-- DATA --
┄┄┄┄┄┄
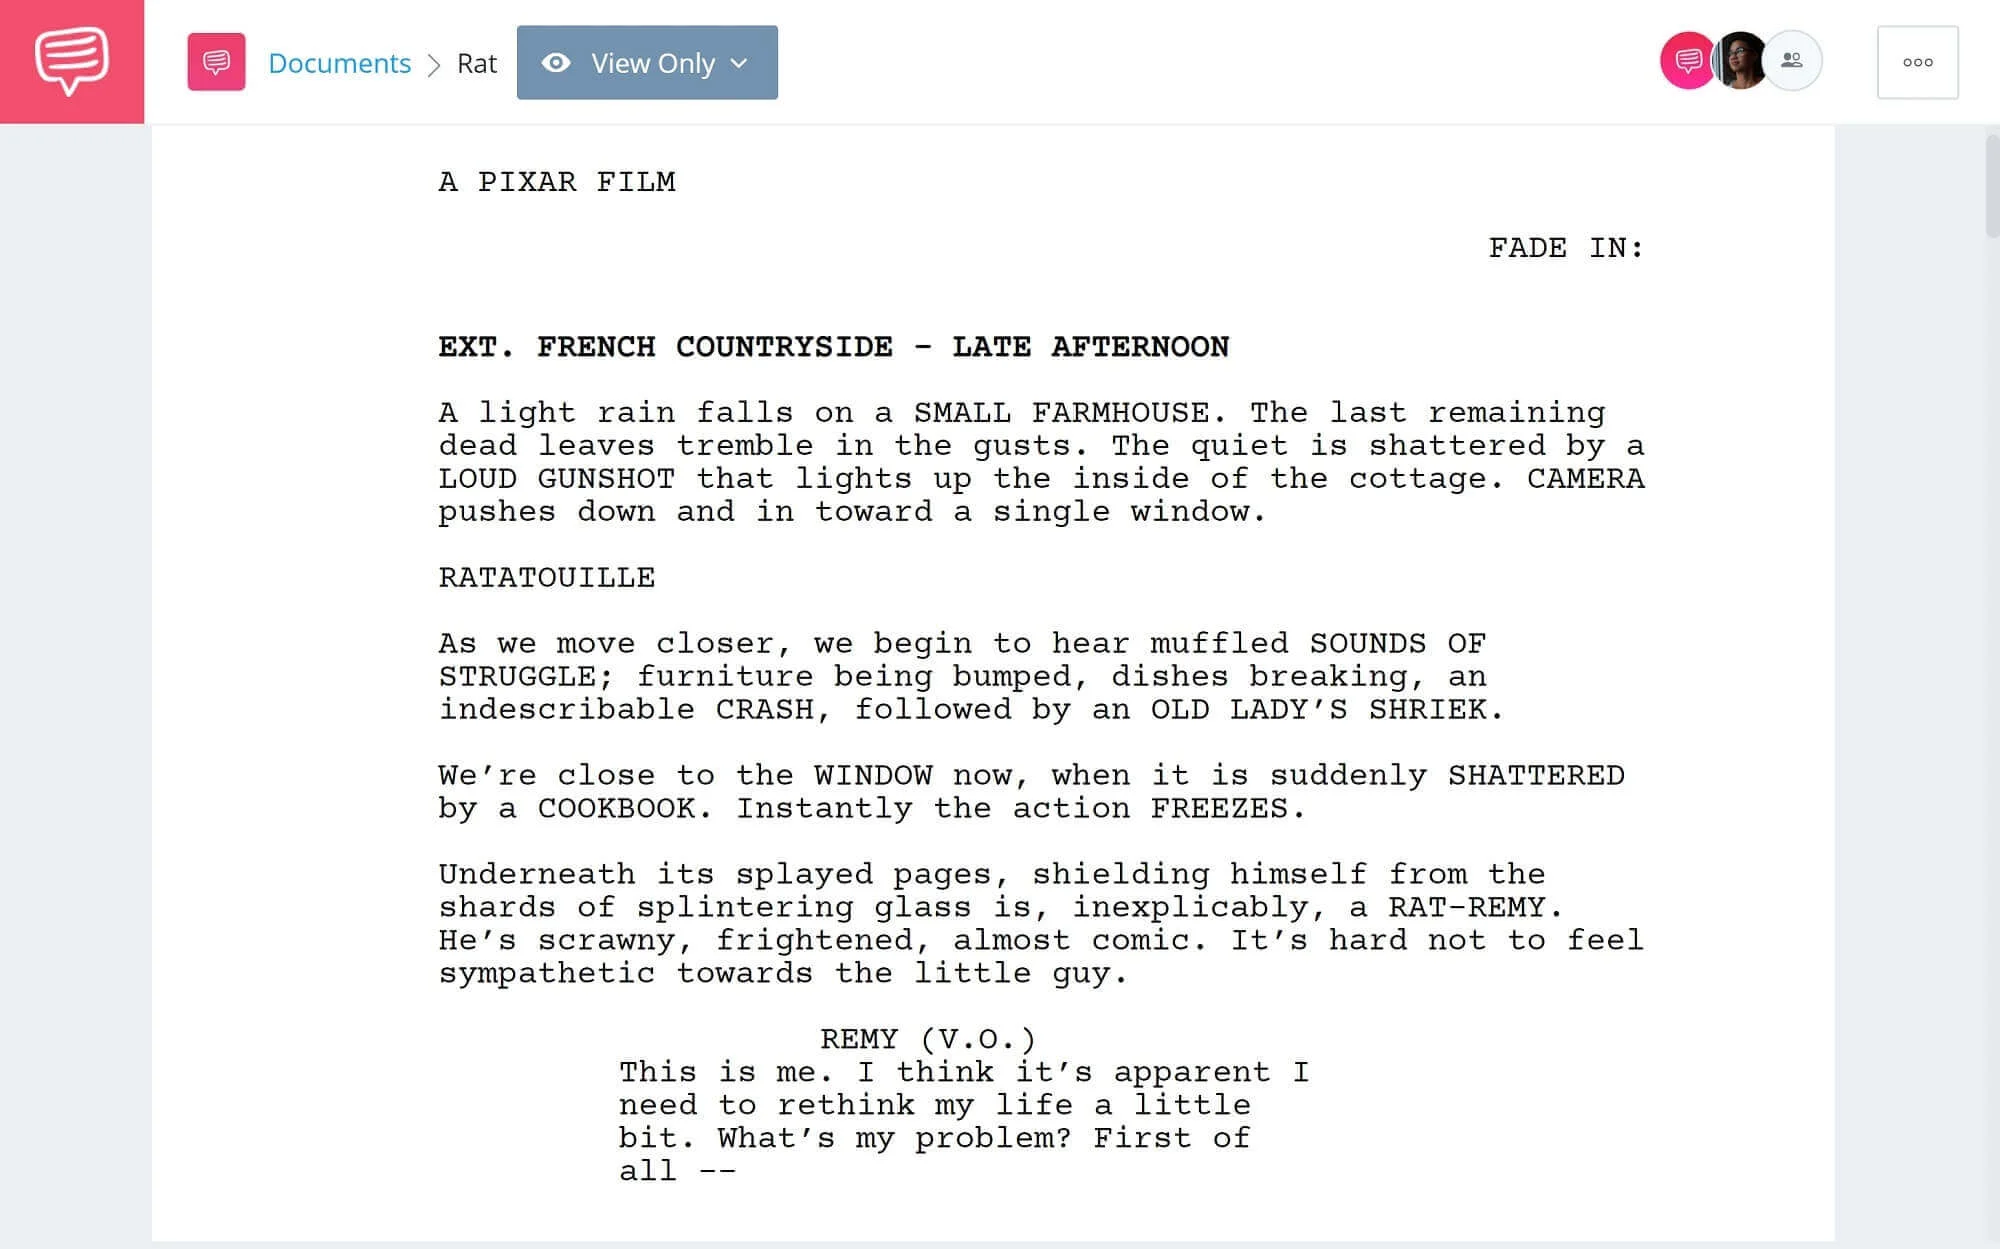 Ratatouille Script PDF Download: Plot, Characters, and Ending
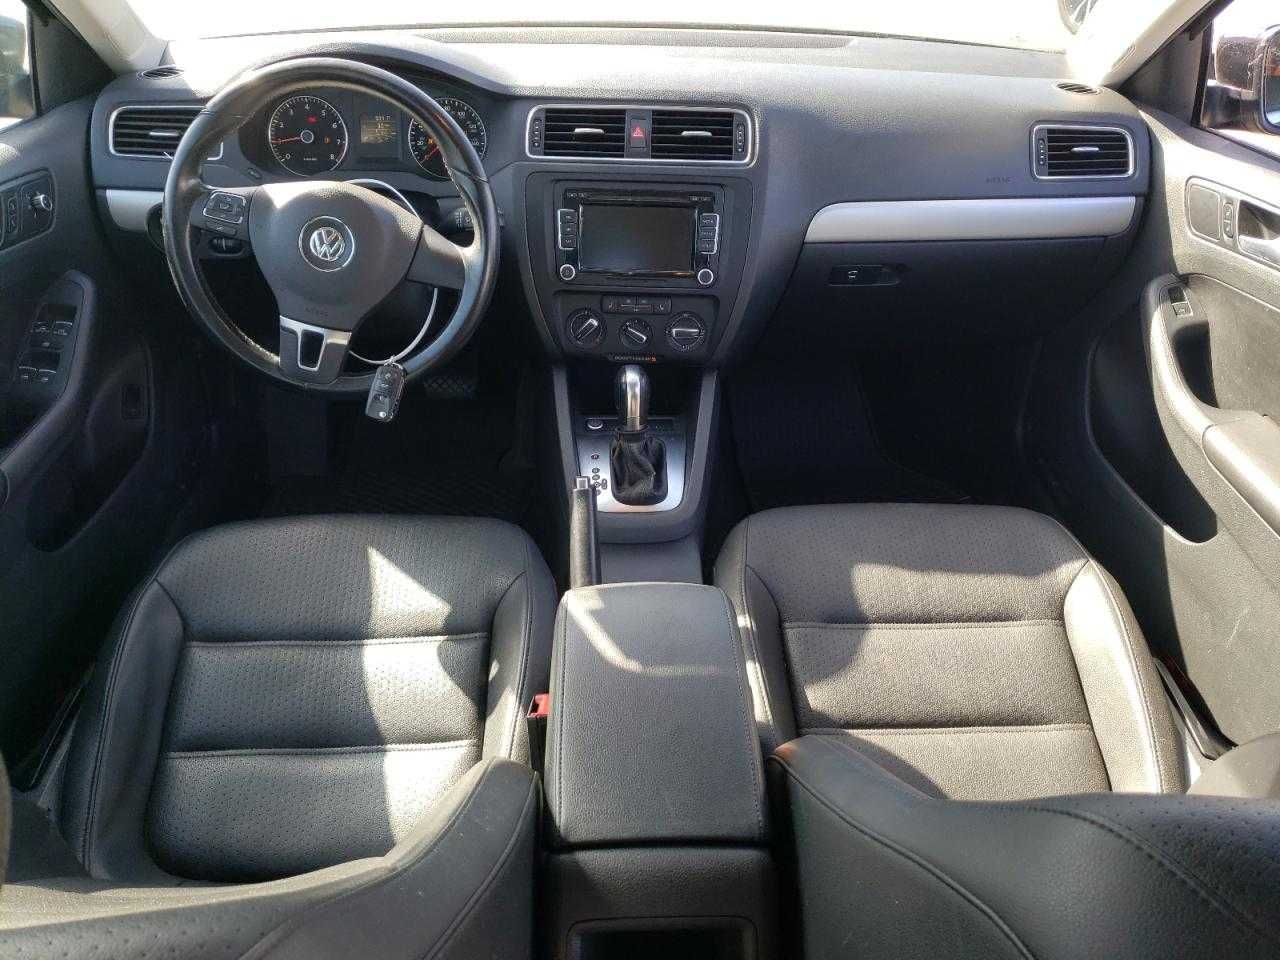 Volkswagen Jetta SE 2014 Hot price
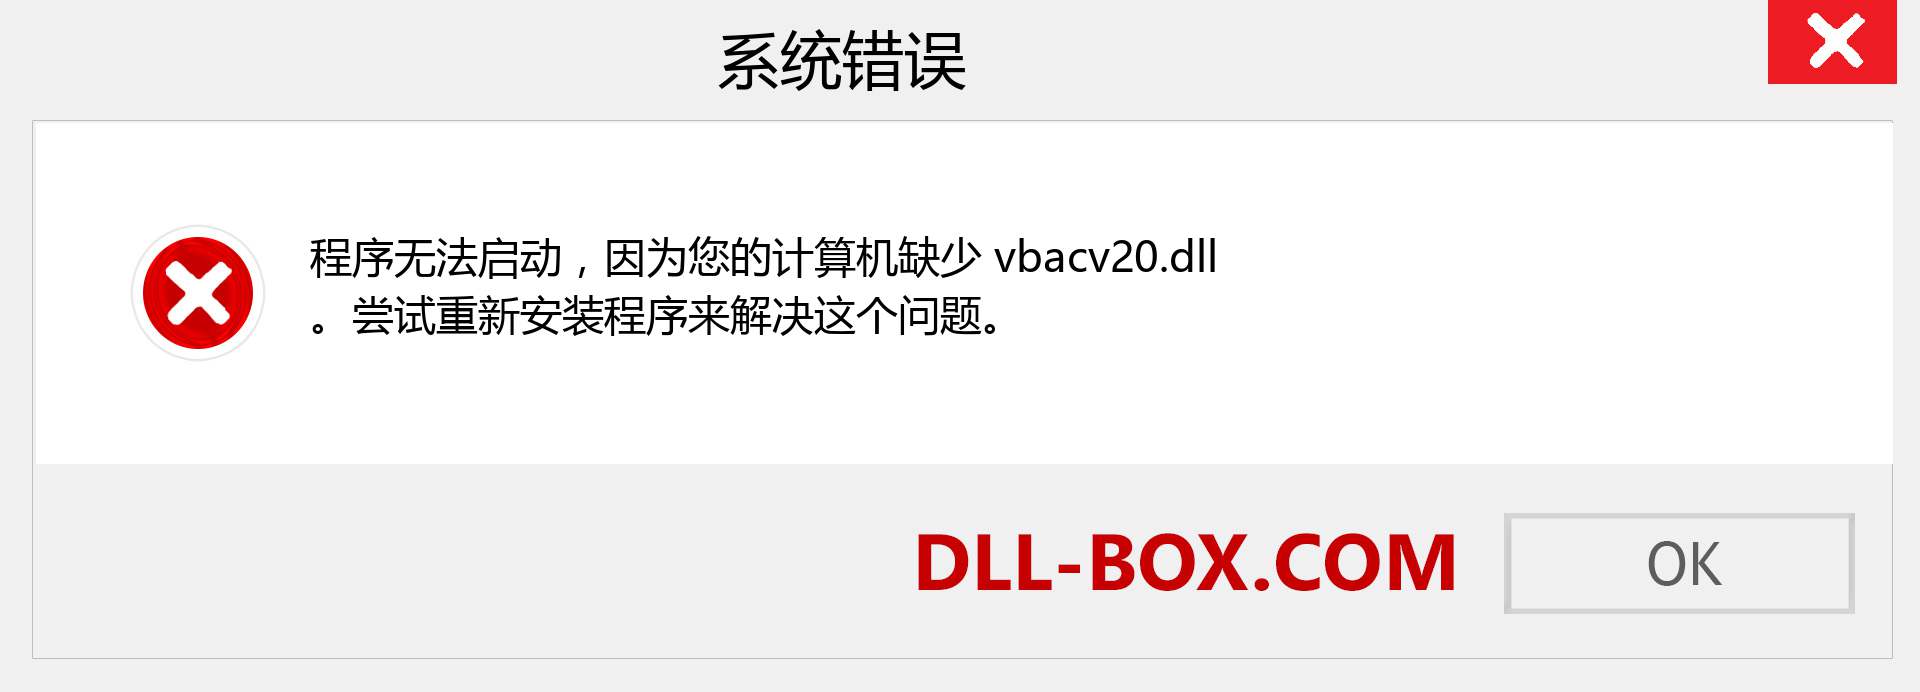 vbacv20.dll 文件丢失？。 适用于 Windows 7、8、10 的下载 - 修复 Windows、照片、图像上的 vbacv20 dll 丢失错误
┄┄┄┄┄┄
-- PROBLEM TO SOLVE --
Exclude the pictures and give back the rest of the data above exactly as written.

-- PROBLEM SOLUTION --
 Ratatouille Script PDF Download: Plot, Characters, and Ending
 Volkswagen Jetta SE 2014 Hot price
 vbacv20.dll 文件丢失？。 适用于 Windows 7、8、10 的下载 - 修复 Windows、照片、图像上的 vbacv20 dll 丢失错误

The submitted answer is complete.